Part of the celebration is a service in which the 332 Orthodox, Anglican and Protestant members will be asked to recommit themselves to the ecumenical movement.
Methodists pursue unity with C of E
Methodists have agreed to pursue unity talks with the Church of England although some are unhappy with the Anglican church’s continuing obstacles to women’s ministry, accusing it of “institutionalized sexism.”
The Church of England’s General Synod voted for talks with the Methodists last November, after an invitation from the Methodist Conference in 1995. This year’s Methodist conference confirmed their interest in unity, though stopping short of a merger.
The secretary of this summer’s conference said the United Reformed Church must also be part of the talks and the Baptists, Moravians and Roman Catholics should be encouraged to participate.
Griswold explains RC communion
The presiding bishop of the Episcopalian Church in the United States has explained publicly why he received communion in a Roman Catholic Church in Manhattan in late April.
Bishop Frank Griswold stated that, exhausted after a day of presiding and preaching at an ordination in a cathedral, he wanted to spend his Sunday morning anonymously in a church.
“I just wanted to sneak off and be by myself and Jesus … and just not have to deal with the sort of public face of being the presiding bishop and all that entails,” he told an executive council meeting of the church.
He and his wife visited a small nearby Roman Catholic Church on April 28. Bishop Griswold said he didn’t think taking communion would cause any scandal since he was not in clerical dress.

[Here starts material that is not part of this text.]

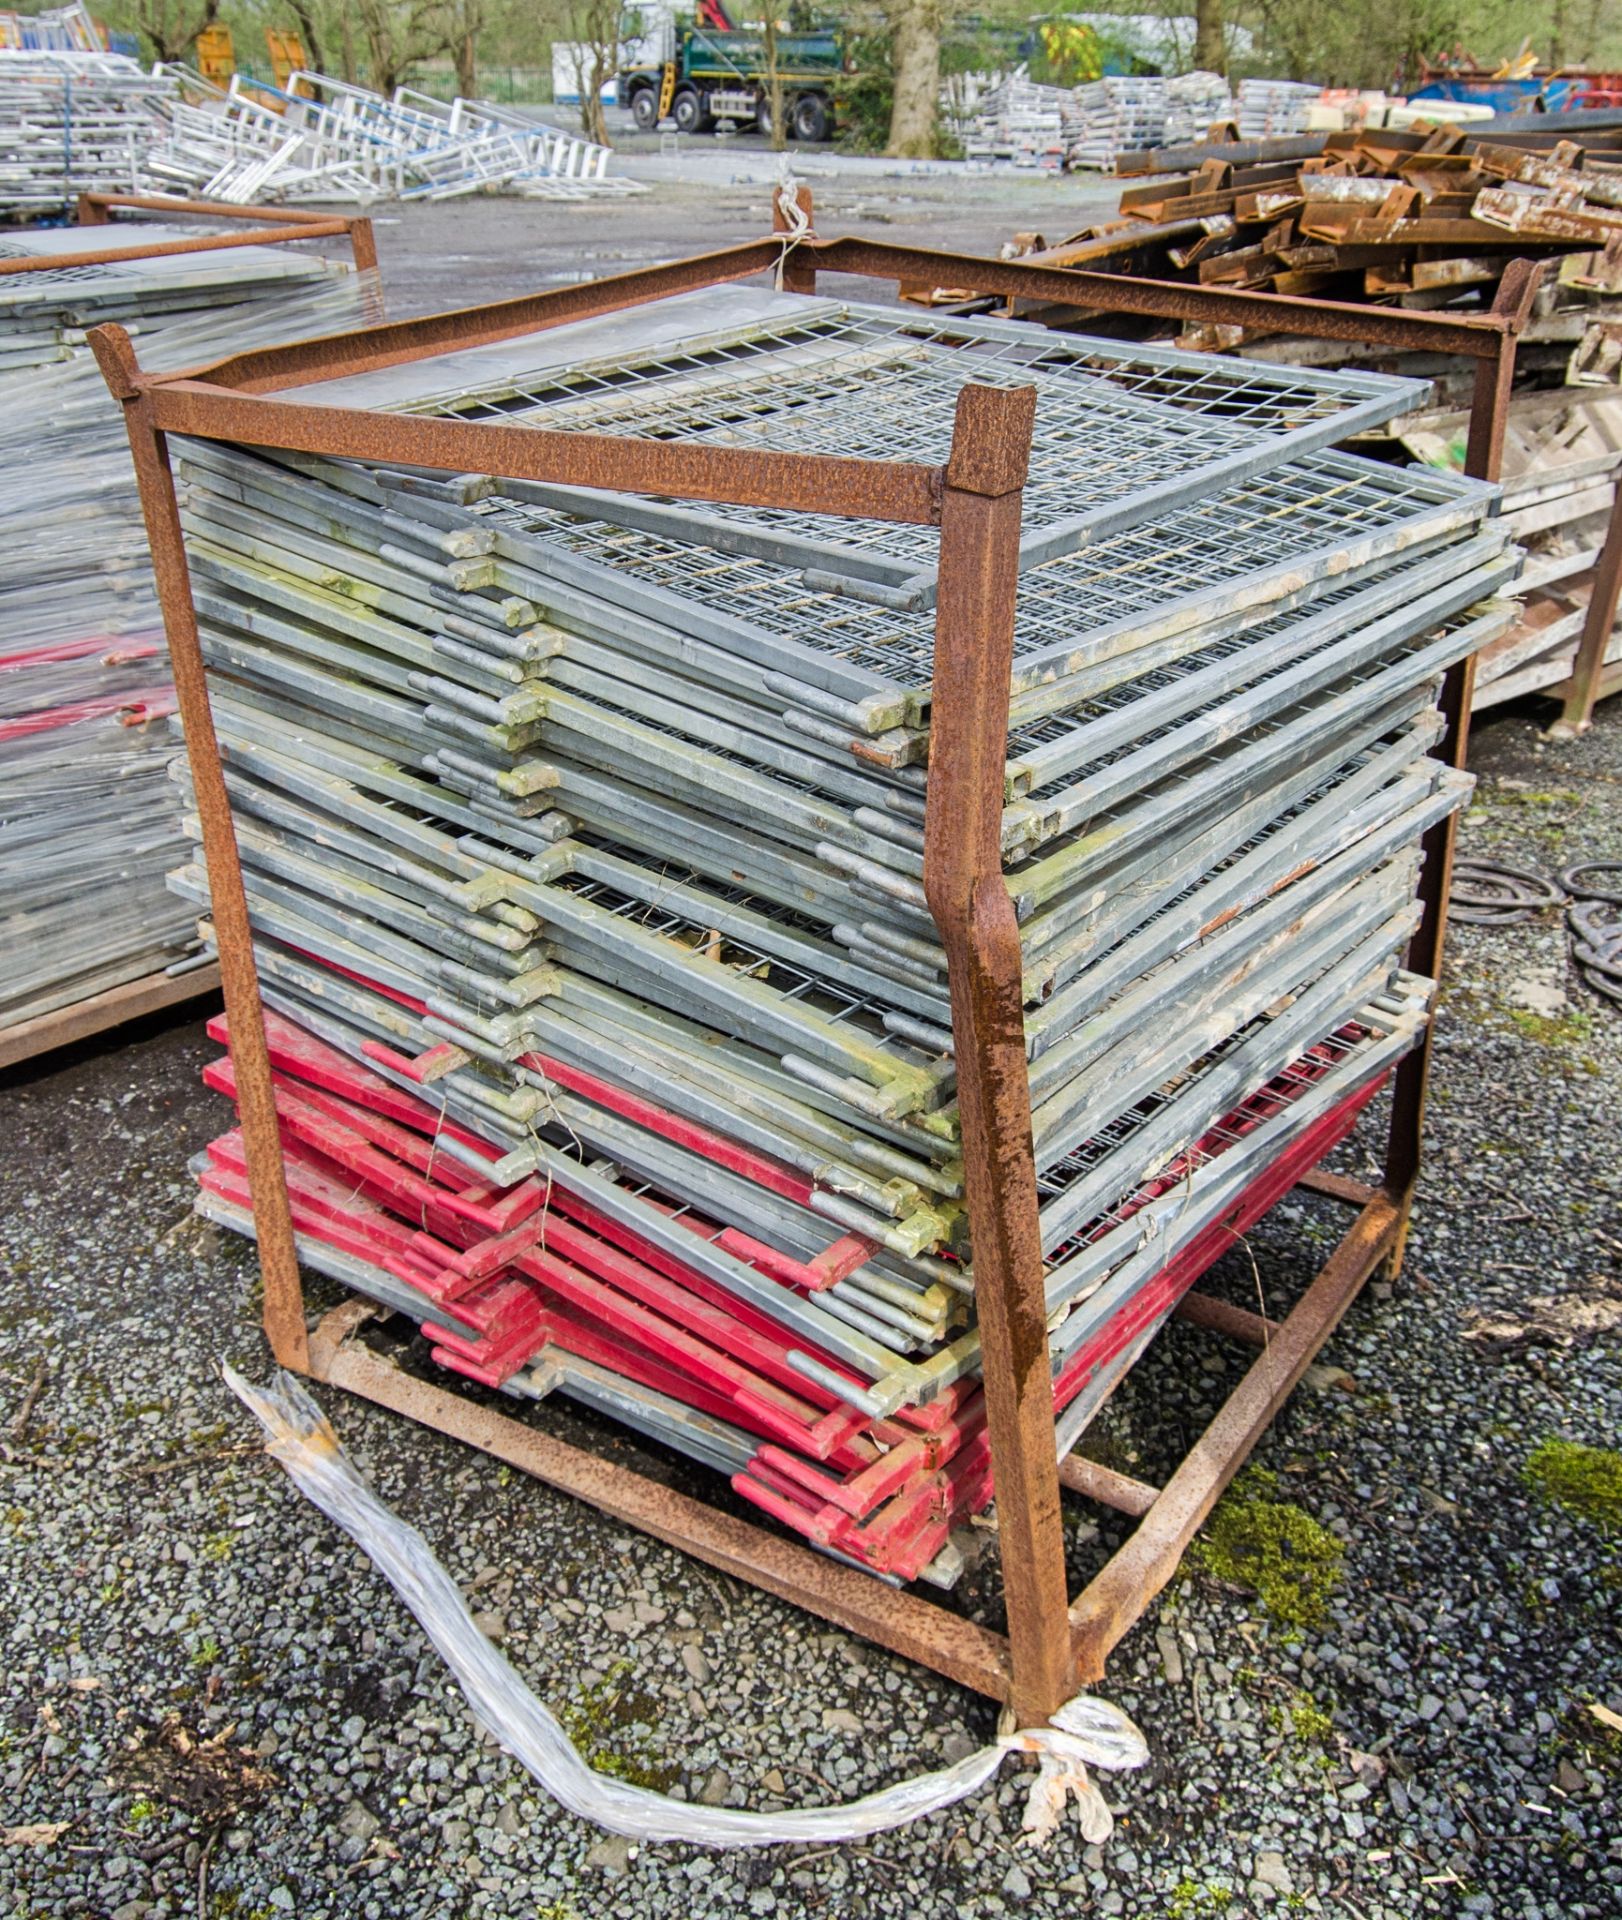 Stillage of approximately 50 100cm x 85cm mesh safety panels

But an Episcopalian apparently recognized and followed him and the story hit the papers.
The bishop says he now realizes “there are no off-stage moments, and I’m in a way grateful for that learning.”
Coincidentally, the Archbishop of Canterbury, George Carey, pleaded with the Roman Catholic Church to lift its ban on intercommunion when he preached April 26 in Luxembourg.
A memory for the Gospels
An Englishman has astounded his fellow parishioners by reciting the Four Gospels from memory.
It took David Bathurst, a 38-year-old magistrates’ clerk, 10 hours to perform the feat in Boxgrove Priory Church in Chichester in July. He took 10-minute breaks between Gospels and a half hour for lunch. Mr. Bathurst recited the Gospels without a single mistake, using hand gestures and pausing for effect.
“I wanted to put as much expression into it as I could, and to present the gospels in a novel and exciting way,” he said. His achievement also raised more than $3,000 for a local hospice.
Mr. Bathurst memorized Mark in 1993, Luke in 1996, John in 1997 and Matthew this year. It takes him 40 minutes to memorize 20 verses.
He had a few restless nights leading up to the performance. “I dreamed that I got to the end and realized that there was a new bit of the Gospels that I’d completely missed.” His next goal is to memorize the Acts of the Apostles.